HARARE, November 25 (The Source) - Global telecommunications giant, VimpelCom, the parent company of Telecel Zimbabwe last week signed a $1 billion credit facility with the China Development Bank but said on Tuesday its local subsidiary will not benefit from the funding as it is self-financing.
The Netherlands-based firm, said the loan facility had an eight-year tenure and “will be used to fund capital expenditures for various operating companies.”
Besides Zimbabwe, VimpelCom has mobile telecoms operations in 13 other countries which include Algeria, Armenia, Bangladesh, Georgia, Italy, Russia and Ukraine with a combined subscriber base of over 220 million.
The firm’s head of media relations Artem Minaev said the loan facility was an additional funding option for the group which earlier signed a $500 million loan deal with another Chinese financial institution.
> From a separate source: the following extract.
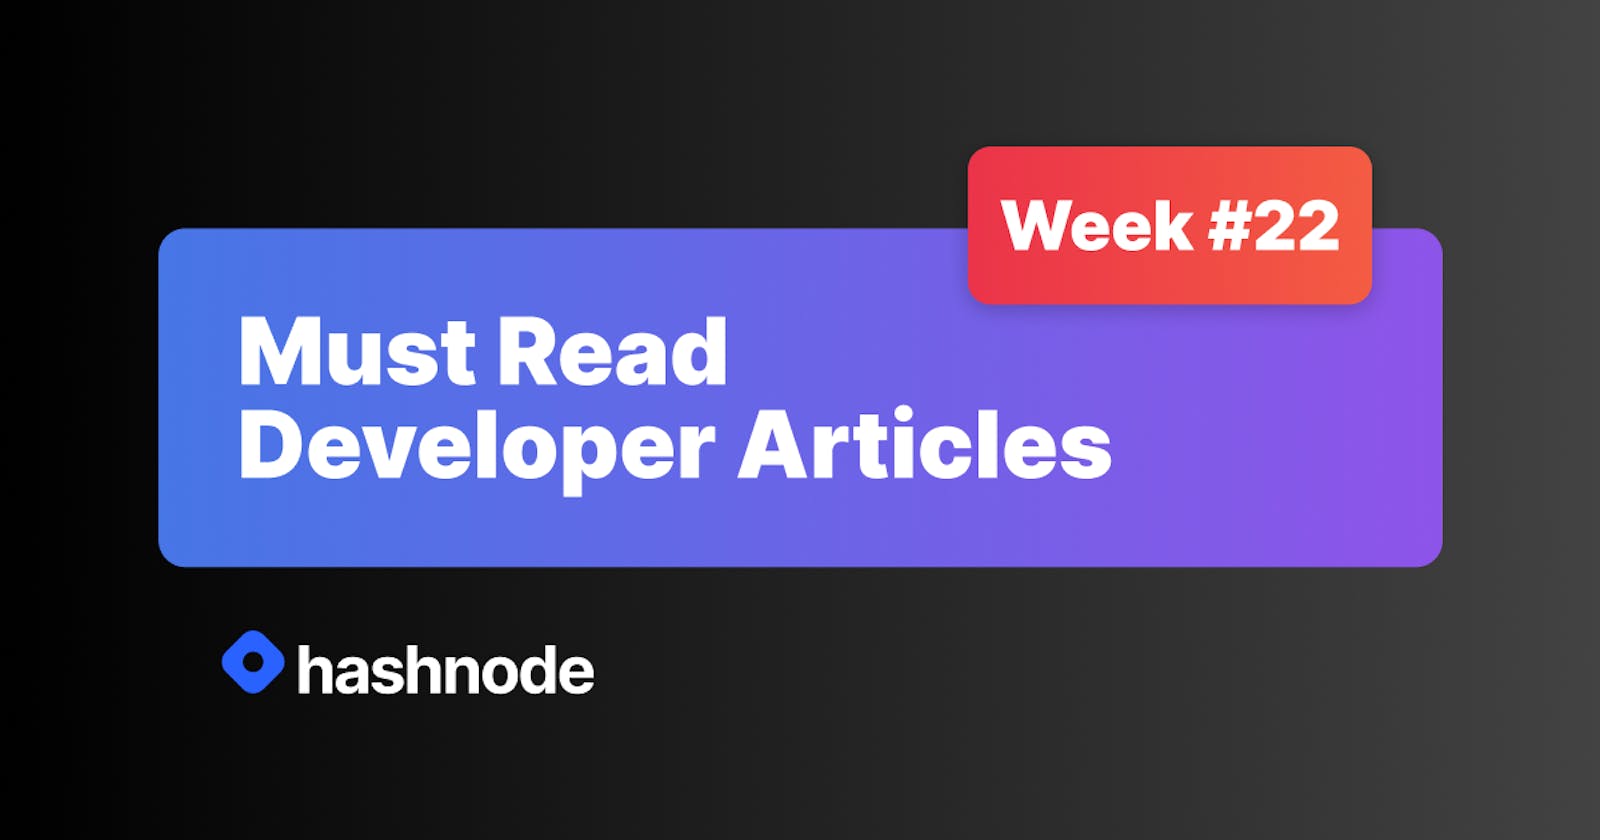 Must Read Developer Articles on Hashnode - #22

“We can’t say (much) about this credit facility more than (what has been said) in the press-release, because we will not necessarily use it. This facility is just an additional option for us,” Minaev said in a written response to The Source.
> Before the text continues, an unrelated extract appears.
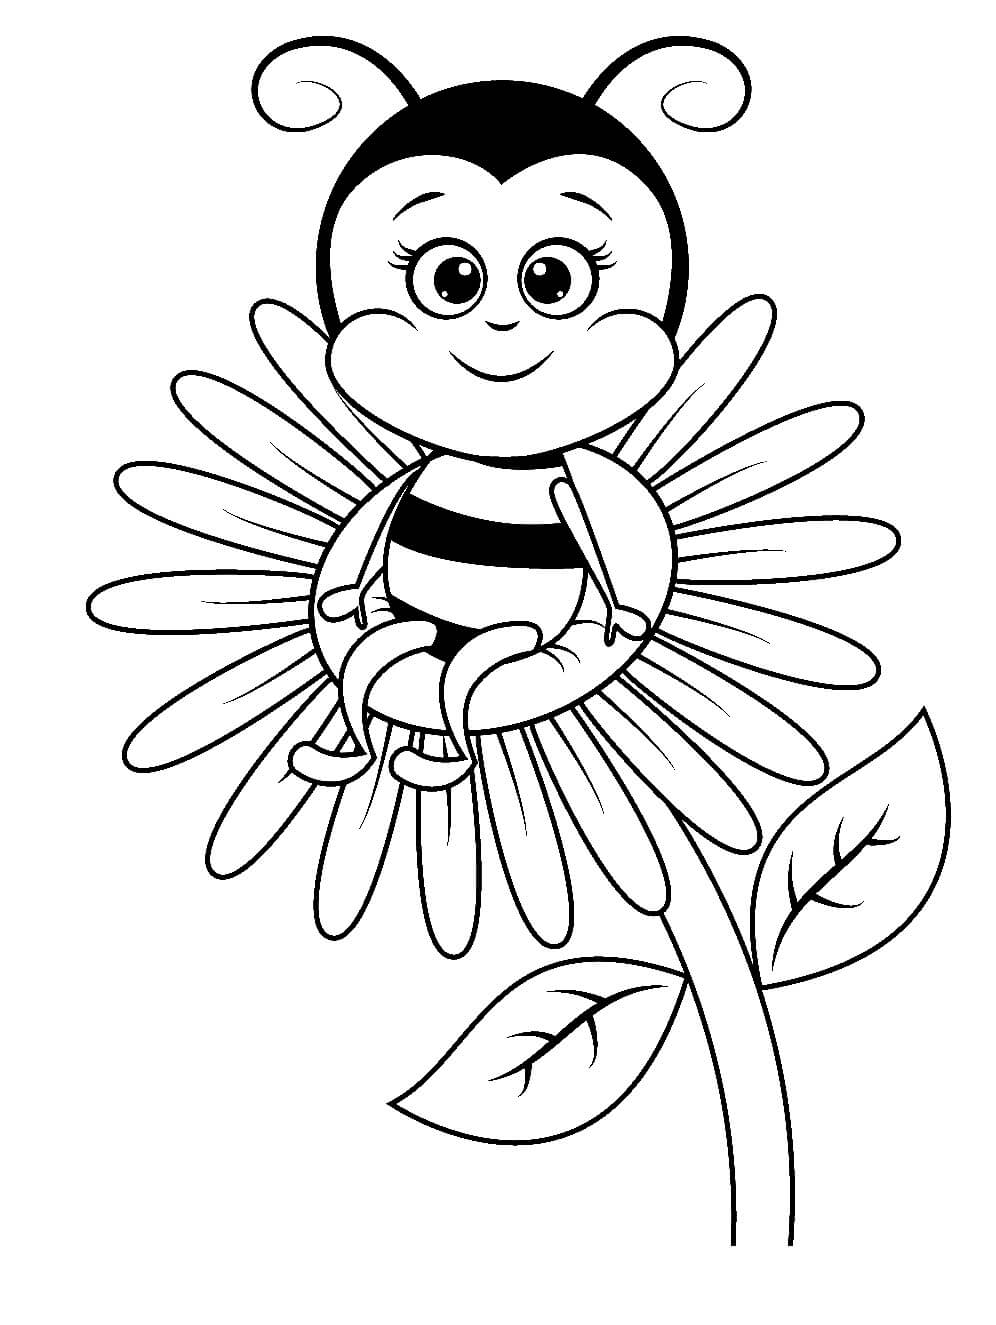 نحلة الكرتون تجلس على زهرة تلوين

Asked if Telecel Zimbabwe would also get an allocation from the funds, the VimpelCom spokesman said the subsidiary generated its own income to fund its programmes.
“Telecel Zimbabwe is our self-financing company,” he said.
The country’s second biggest mobile telecoms operator by subscriber, Telecel Zimbabwe, mid-this year said it was on the hunt for $200 million to boost its capacity and increase its subscriber base.
The firm, which enjoys nearly 30 percent of the market share in a field dominated by Econet Wireless, is targeting to increase its active subscriber base to 3,3 million from around 2,3 million.
Telecel Zimbabwe became part of the VimpelCom group after the Russian company acquired a 51 percent stake in Egyptian telecoms firm, Orascom, which in turn holds a 60 percent stake in the local telecoms firm.